The bit you are missing is that "known to the system" is not enough, as the consumer I need to _verify the logic_, which means that at some level, I do have to read the DSL (just as I have to read the Java, not, in general, the actual assembly emitted by the JIT). Which means that the DSL is actually the product here (though the LLM may make it easier to learn that DSL and in some cases to write something in it).
1) You don't need to read the DSL in the raw form if you use a language model to convert it to a few paragraphs in natural language.

2) You can test the created workflow on a bunch of test data to verify it works as intended. After a workflow is created, it's deterministic (since we don't use LLMs anymore for decision making), so it will always work the same.

Sure we can expose DSL to power users as an option, but is reading the raw DSL really required for the majority of cases?

1. Now you have two problems (did the writer translate what I said correctly and did the summarizer translate what the writer wrote correctly).

2. This is absolutely true and it does help somewhat. However, writing the test cases is now your bottleneck (and you're writing them as a substitute for being able to read a reliable high-level summary of what the workflow actually is).

NAtural language isn't precise enough to describe exactly what's happening. If you do try to use natural language for that purpose, trying to eliminate ambiguity, you end up with legalese. And people can't read legalese, even though it's technically "plain english"
This is the same approach we took when we added LLM capability to a low code tool Appian. LLM helped us generate the Appian workflow configuration file, user reviews it and make changes if required, and then finally publishes it.
So visual programming x.0?

I am pretty sure PLCs with ladder logic are about the limits of the traditional visual/macro model?

Word-sense disambiguation is going to be problematic with the 'don't need to learn' part above.

Consider this sentence:

'I never said she stole my money'

Now read that sentence multiple times, puting emphasis on each word, one at a time and notice how the symantic meaning changes.

LLMs are great at NLP, but we still don't have solutions to those NLU problems that I am aware of.

I think to keep maximum generality without severely restricted use cases that a common DSL would need to be developed.
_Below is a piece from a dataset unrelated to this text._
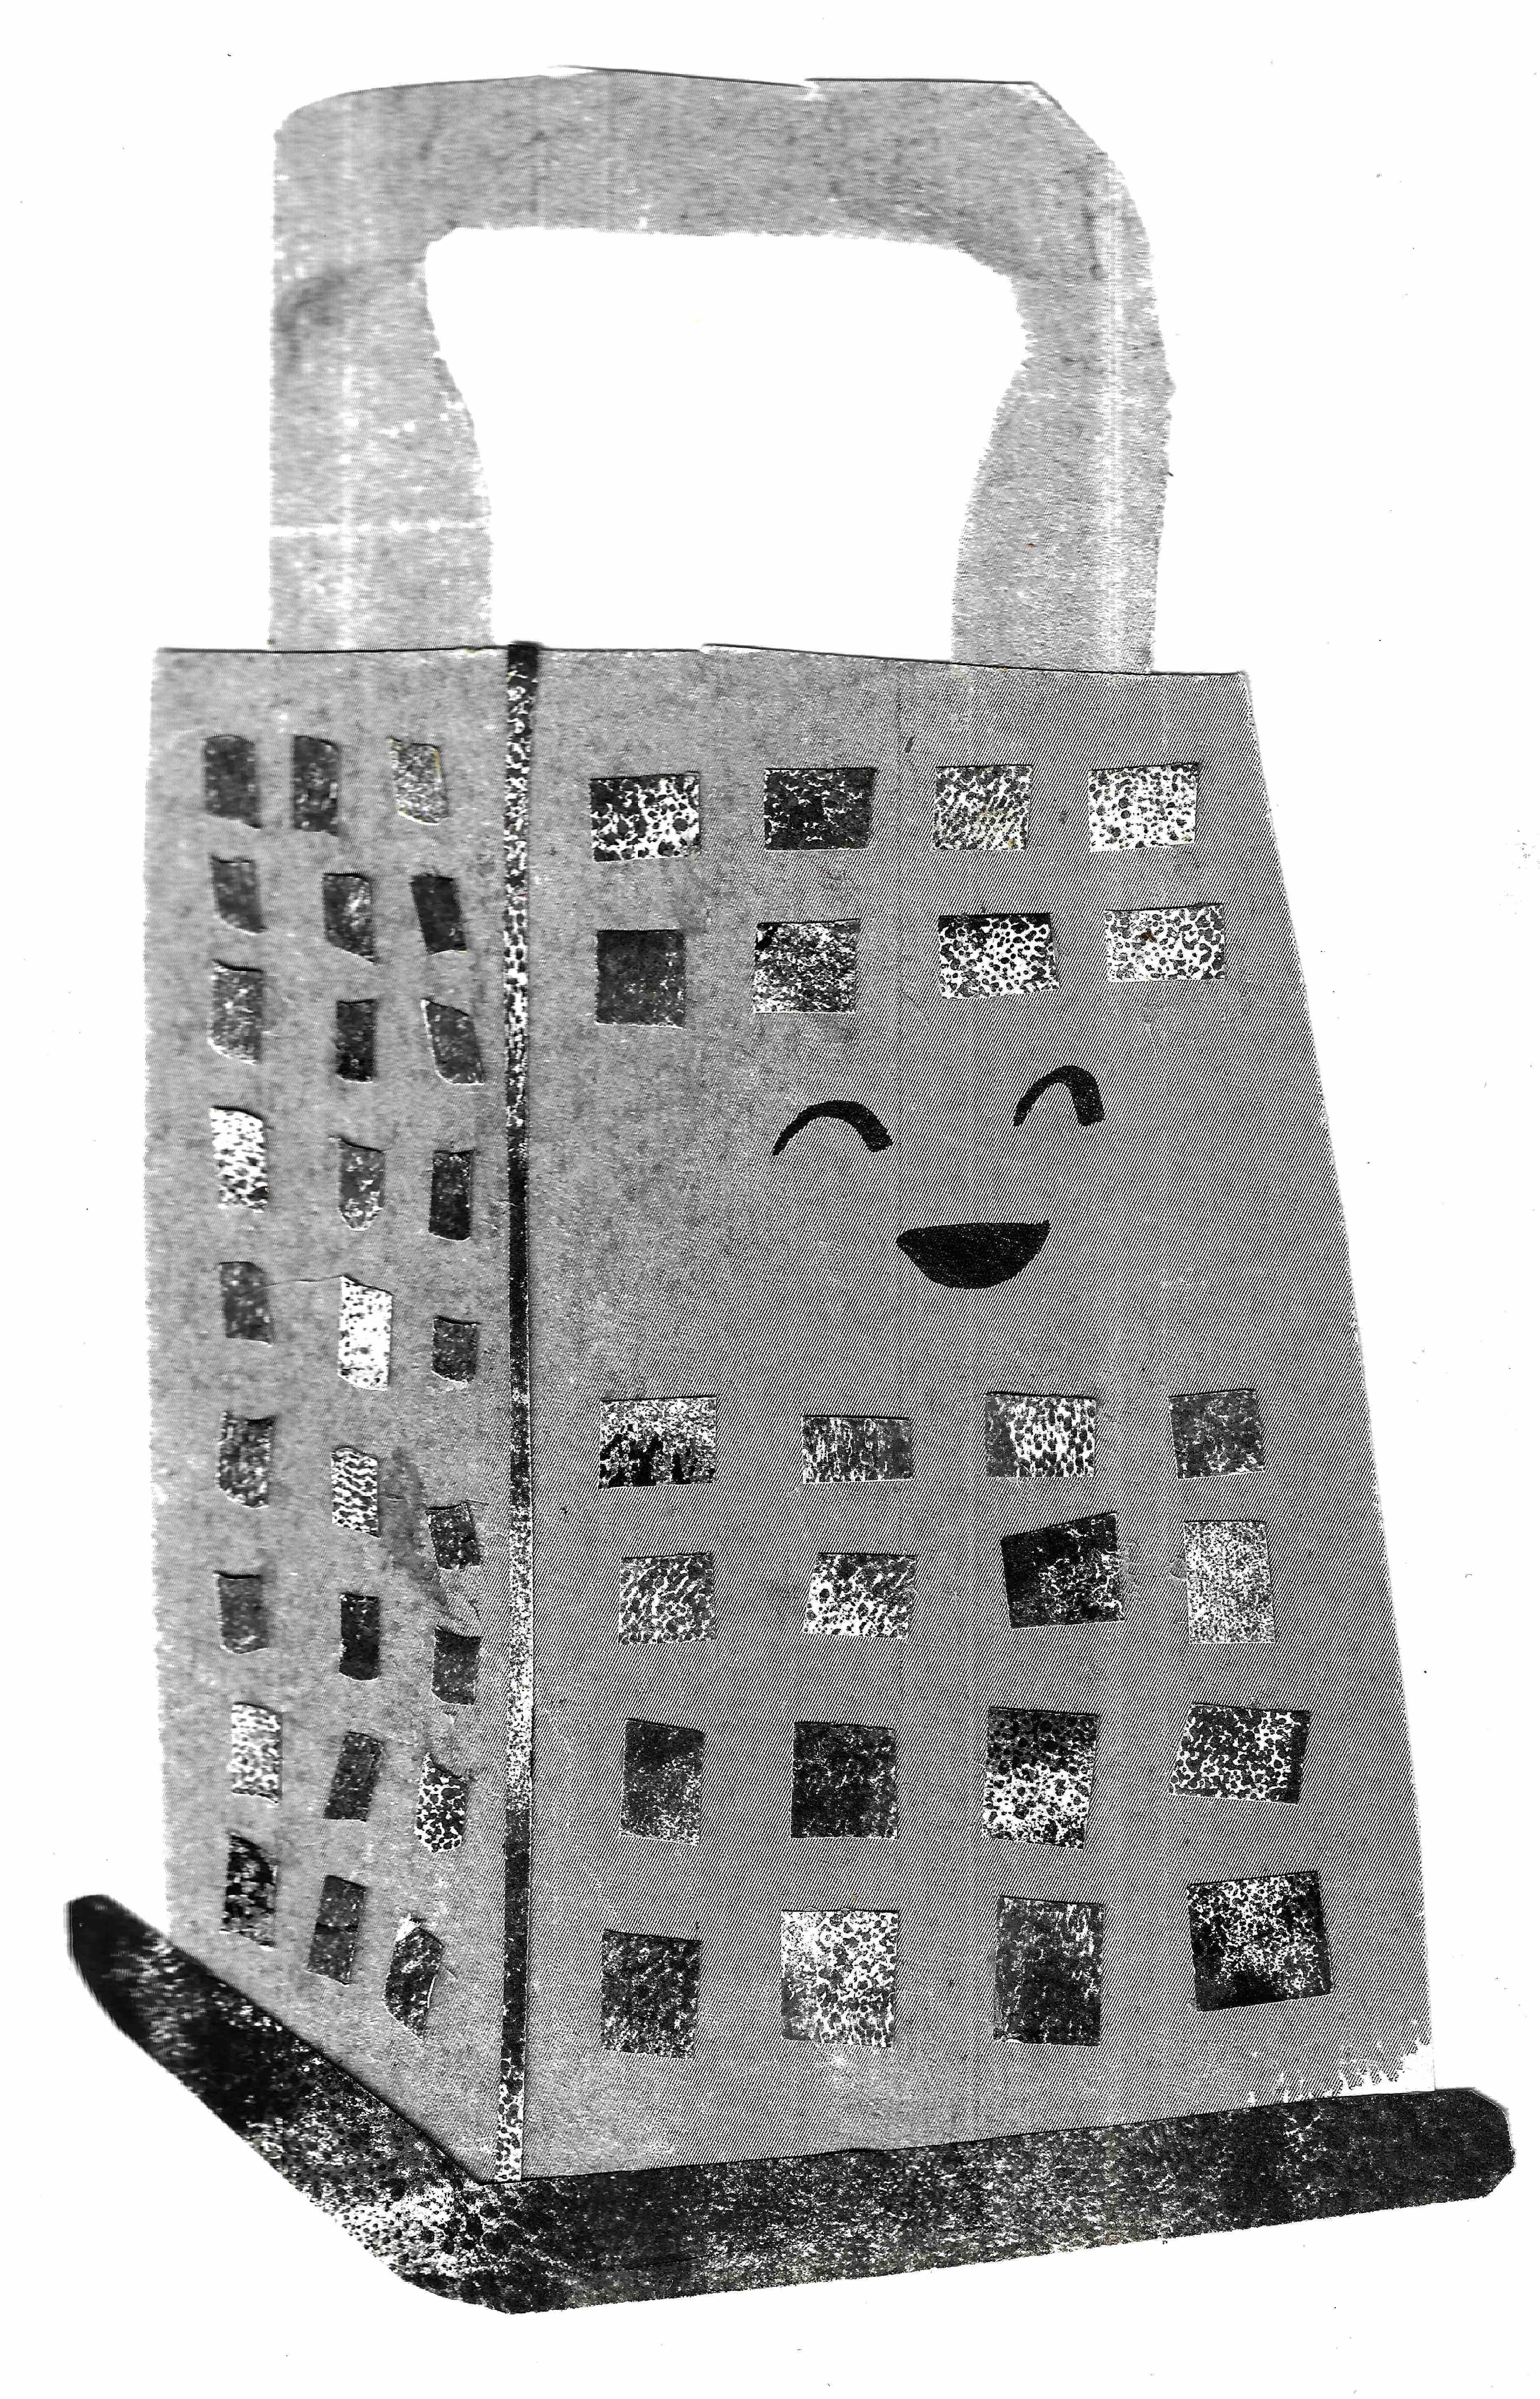 BA Illustration work by Natalie Martinez showing a collage of a cheese grater with a smiling face.

There will have to be tradeoffs made, specific to particular use cases, even if it is better than Alexa.

But I am thinking about Rice's theorm and what happens when you lose PEM.

Maybe I just am too embedded in an area where these problems are a large part of the difficulty for macro style logic to provide much use.
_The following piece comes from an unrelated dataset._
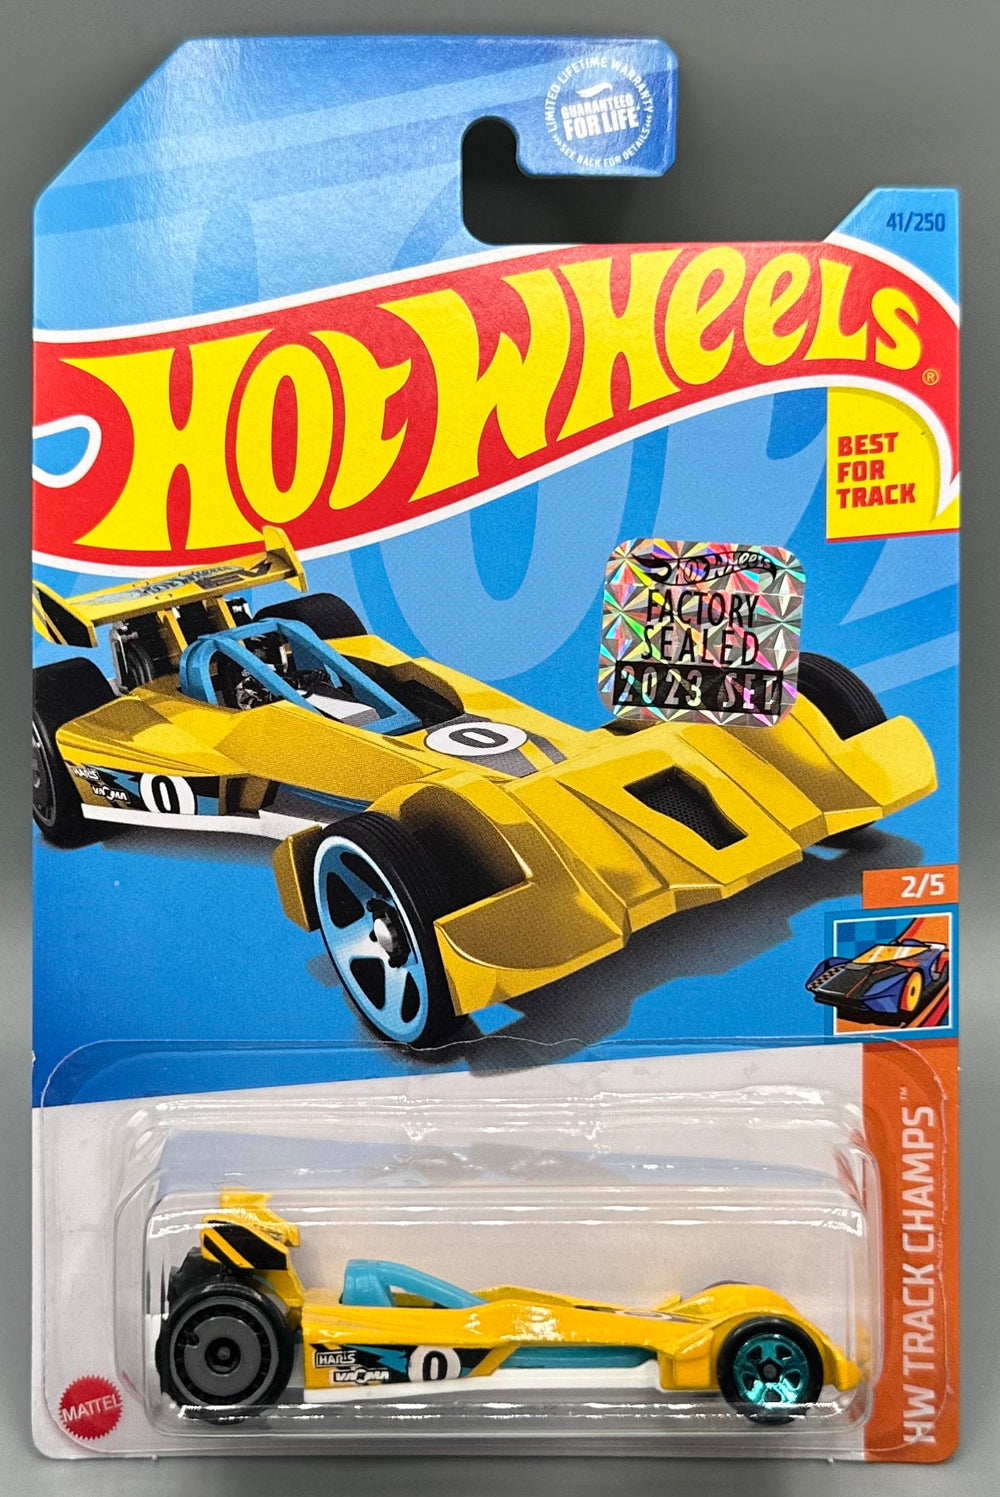 Hot Wheels Hot Wired

You're just describing programming with the extra step of going through a high entropy and low bandwidth channel of natural language and hand waving that problem away.
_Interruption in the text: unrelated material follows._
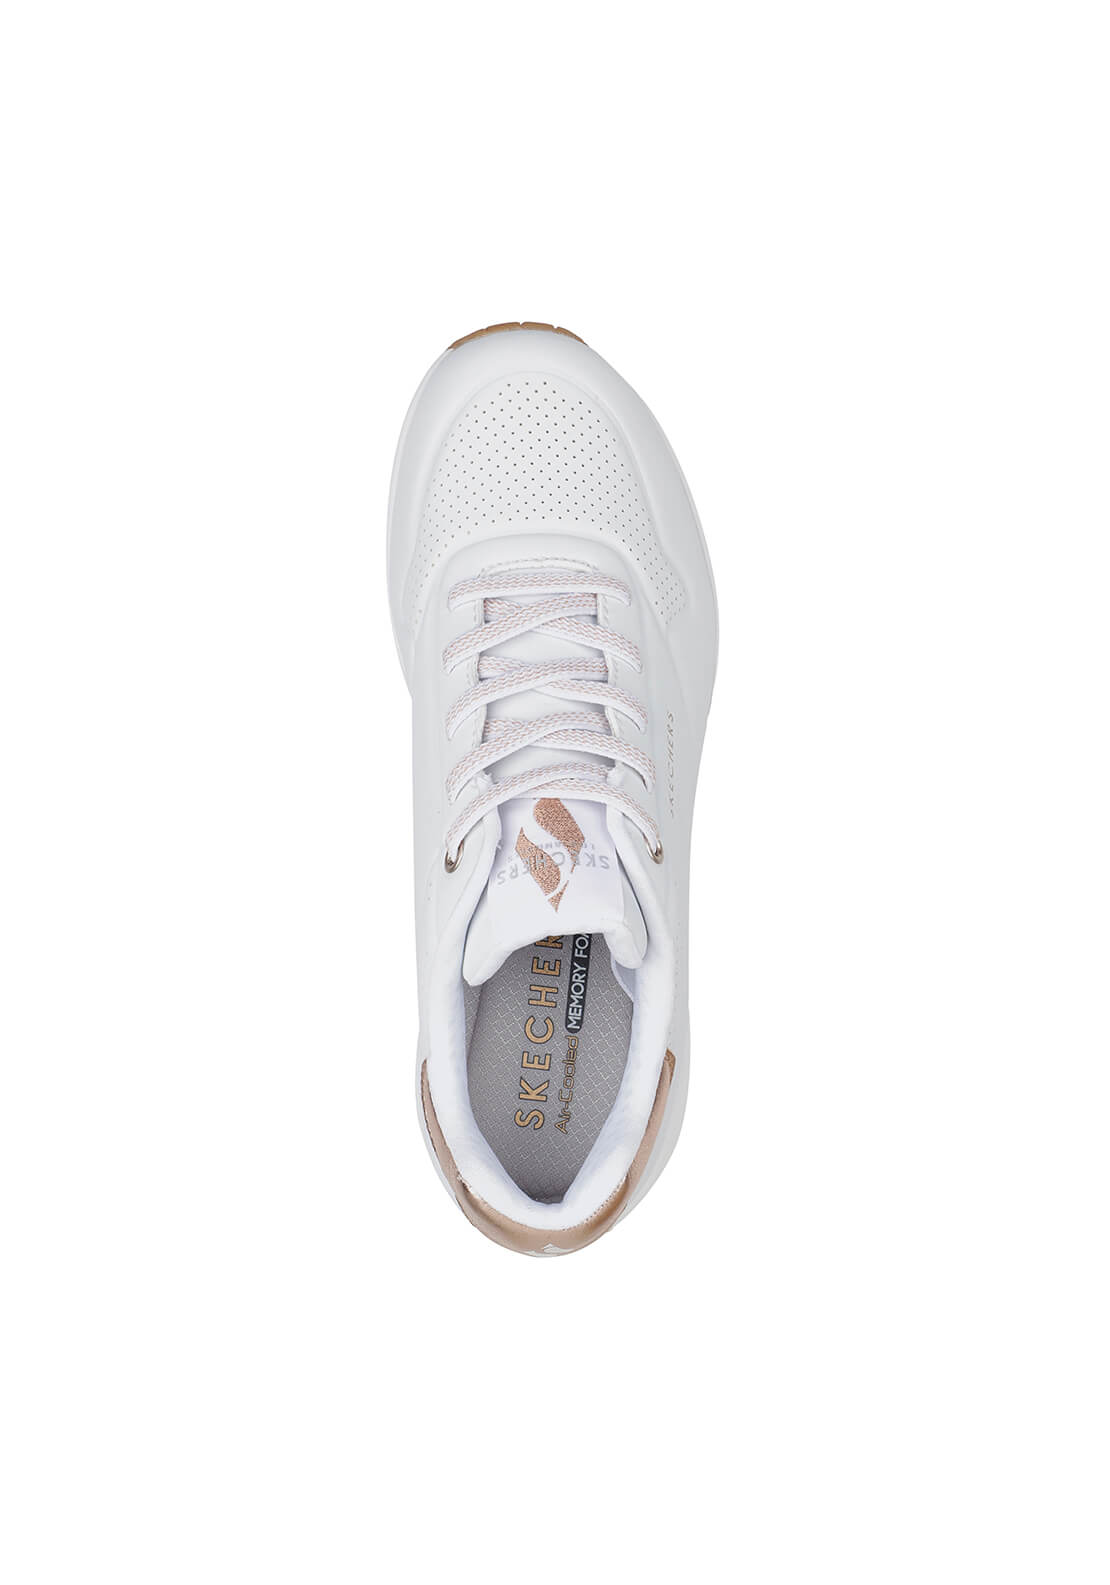 Skechers Street Uno Shimmer Away - White 4 Shaws Department Stores

We can "just" write code as well, as we have been doing for several decades.

I dont either, but this can be mitigated by adding guard rails (strictly validating input), double checking actions with the user and using it for tasks where a mistake isnt world ending.

Even then mistakes can slip through, but it could still be more reliable than a visual UI.

There are lots of horrible web UIs i would LOVE to replace with a conversational LLM agent. No #1 is jira and so is no #2 and #3.

They are deterministic at 0 temperature
At zero temp there is still non-determism due to sampling and the fact that floating point addition is not commutative so you will get varying results due to parallelism.
(Disclaimer: I know literally nothing about LLMs.) Wouldn't there still be issues of sensitivity, though? Like, wouldn't you still have to ensure that the wording of your commands stays exactly the same every time? And with models that take less discrete data (e.g. ChatGPT's new "advanced voice model" that works on audio directly), this seems even harder.
s/advanced voice model/advanced voice mode/ (too late for me to edit my original comment)
They are pretty deterministic then but they are also pretty useless at 0 temperature.
Not for the leading LLMs from OpenAI and Anthropic.
Not really, not in practice. The order of execution is non-deterministic when running on a cluster or a gpu, or more than one core of the CPU and rounding errors propagate differently on each run.